Essa ausência da covardia – que não é sinônimo de ausência de medo – já estava presente na fuga espetacular, quando correspondente de guerra, das mãos de um exército inimigo. Ele fez da adversidade a fama que perseguia, pois sabia -de antemão – que essa seria o impulso para a carreira política, não se abalando – inclusive – com a primeira derrota sofrida nas urnas. Há, nessa jornada, casos espetaculares, como ter enfrentado o movimento sufragista mesmo tendo defendido o voto feminino.
Churchill destroçava adversários no discurso. Sua ida à tribuna era temida e somente por isso muitas vezes respeitadas, ainda que as críticas corressem pelos bastidores. As pausas em suas oratórias causavam um suspense que atraia ainda mais a expressão do público diante do inesperado, adotando até mesmo o teatral no discurso, como as mãos nos quadris. Por vezes, sabendo explorar isso, como muitos políticos, Churchill deturpava a realidade a seu favor e buscava o lucro para um senso de missão. Obviamente, um defeito altamente criticável. Assim fez, por exemplo, ao biografar o pai, que foi um importante parlamentar inglês. Churchill fez do pai sua imagem e semelhança, enquadrando a biografia do genitor naquilo que era propício a ele.
Porém, mesmo com as falhas, Churchill era admirável e soube identificar o seu papel na história e o combate que deveria travar em seu tempo. O escritor e historiador Andrew Roberts captura muito bem esse espírito e, com uma profunda honestidade intelectual, nos apresenta Churchill. O primeiro-ministro se torna ali um professor de política e, para os mais jovens, uma lição de como atrair para si a atenção e conduzir decisões em momentos críticos.
Andrew Roberts soube analisar de forma precisa as mais de 40 fontes históricas inéditas a que teve acesso, incluindo os diários privados de um rei inglês, que nunca foi usado anteriormente em outra biografia de Winston Churchill.

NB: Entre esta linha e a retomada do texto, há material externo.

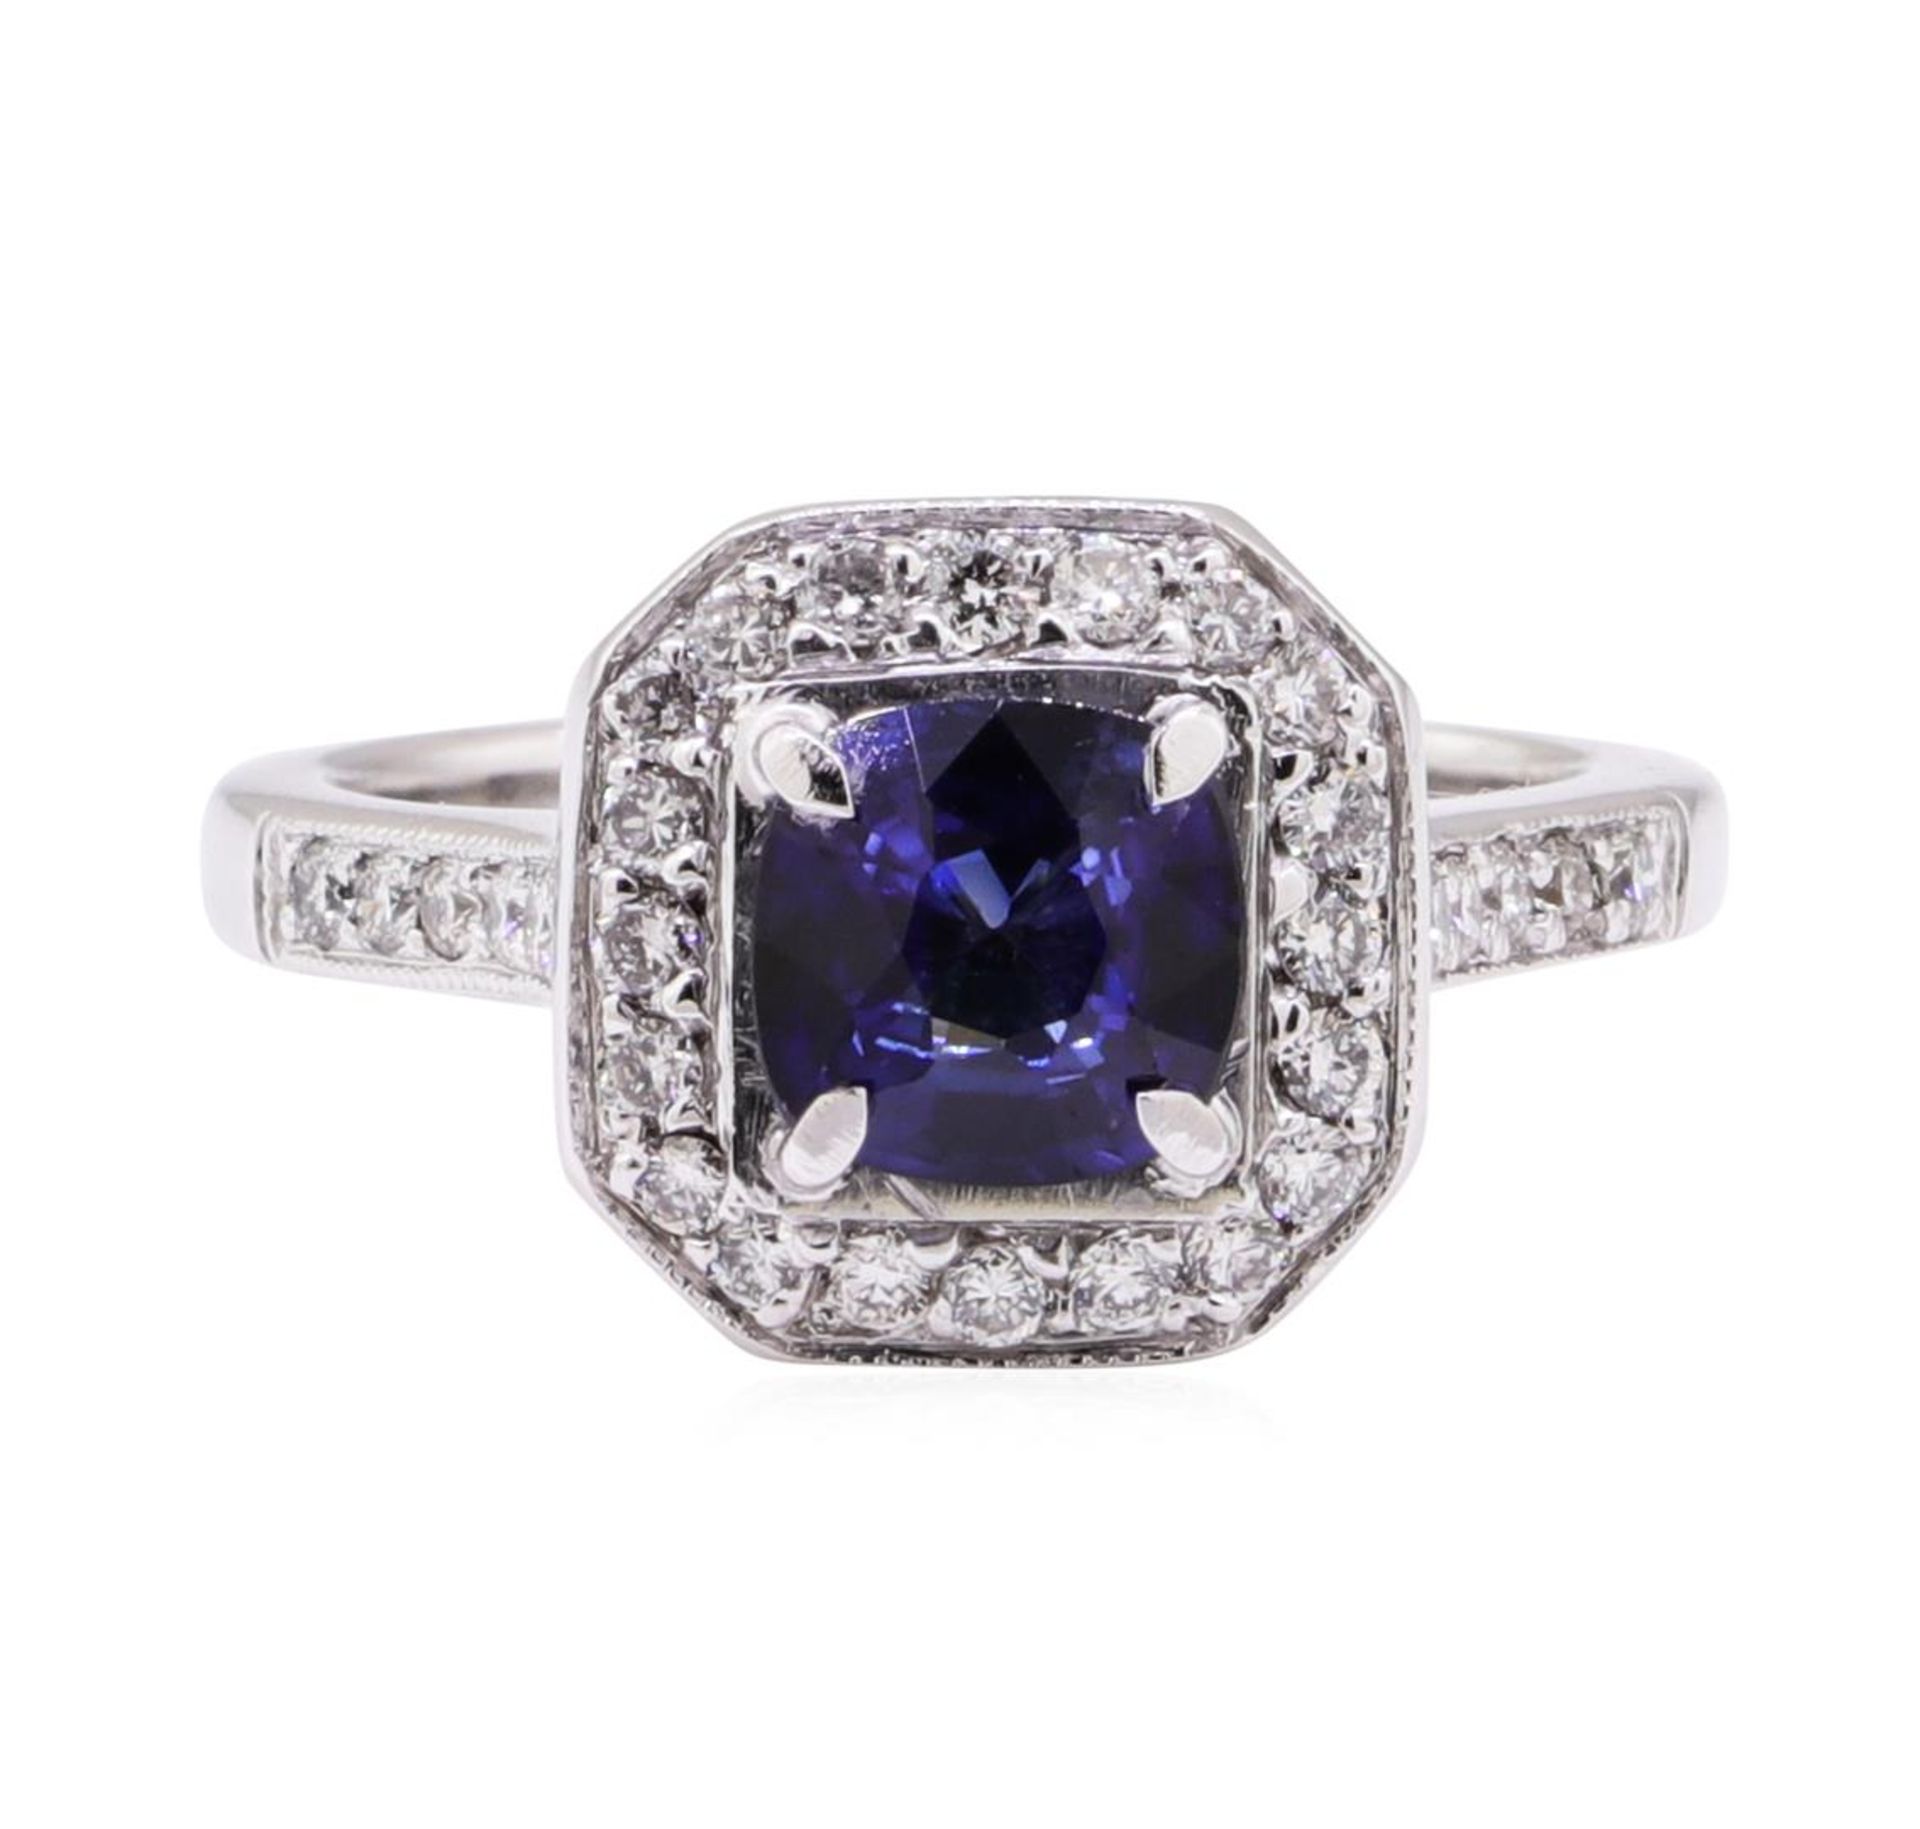 1.64 ctw Blue Sapphire And Diamond Ring - 14KT White Gold - Image 2 of 5

Por essa razão, permite ao leitor a avaliação das falhas e virtudes de um grande homem, bem como a análise do caráter desse, que por vezes era tirânico em seu ritmo de trabalho, que cultivava vícios, mas que – em função de ser um profundo estudioso – sabia compreender as grandes questões enfrentadas pela Inglaterra e pela Europa. Churchill foi um dos maiores políticos do mundo. Portanto, sempre uma referência a quem gosta de estudar sobre política.
Winston Churchill sabia – e tinha coragem para isso – correr riscos na adversidade, apostar alto sem se abalar com as derrotas, deixar impressa a sua visão mesmo quando perdia, plantando a semente para futuras vitórias, fazendo valer a máxima de que se perde uma batalha, mas não a guerra. E tudo isso era feito com um humor ímpar que se fazia presente mesmo nas tragédias. Churchill é a vitalidade da política em seu exercício diário como se cada dia fosse um passo importante para o futuro que se almeja, pois no final das contas, cada dia acaba sendo isso mesmo.
Por essas e outras razões, caro leitor, indico a obra Churchill, Caminhando com o Destino de Andrew Roberts.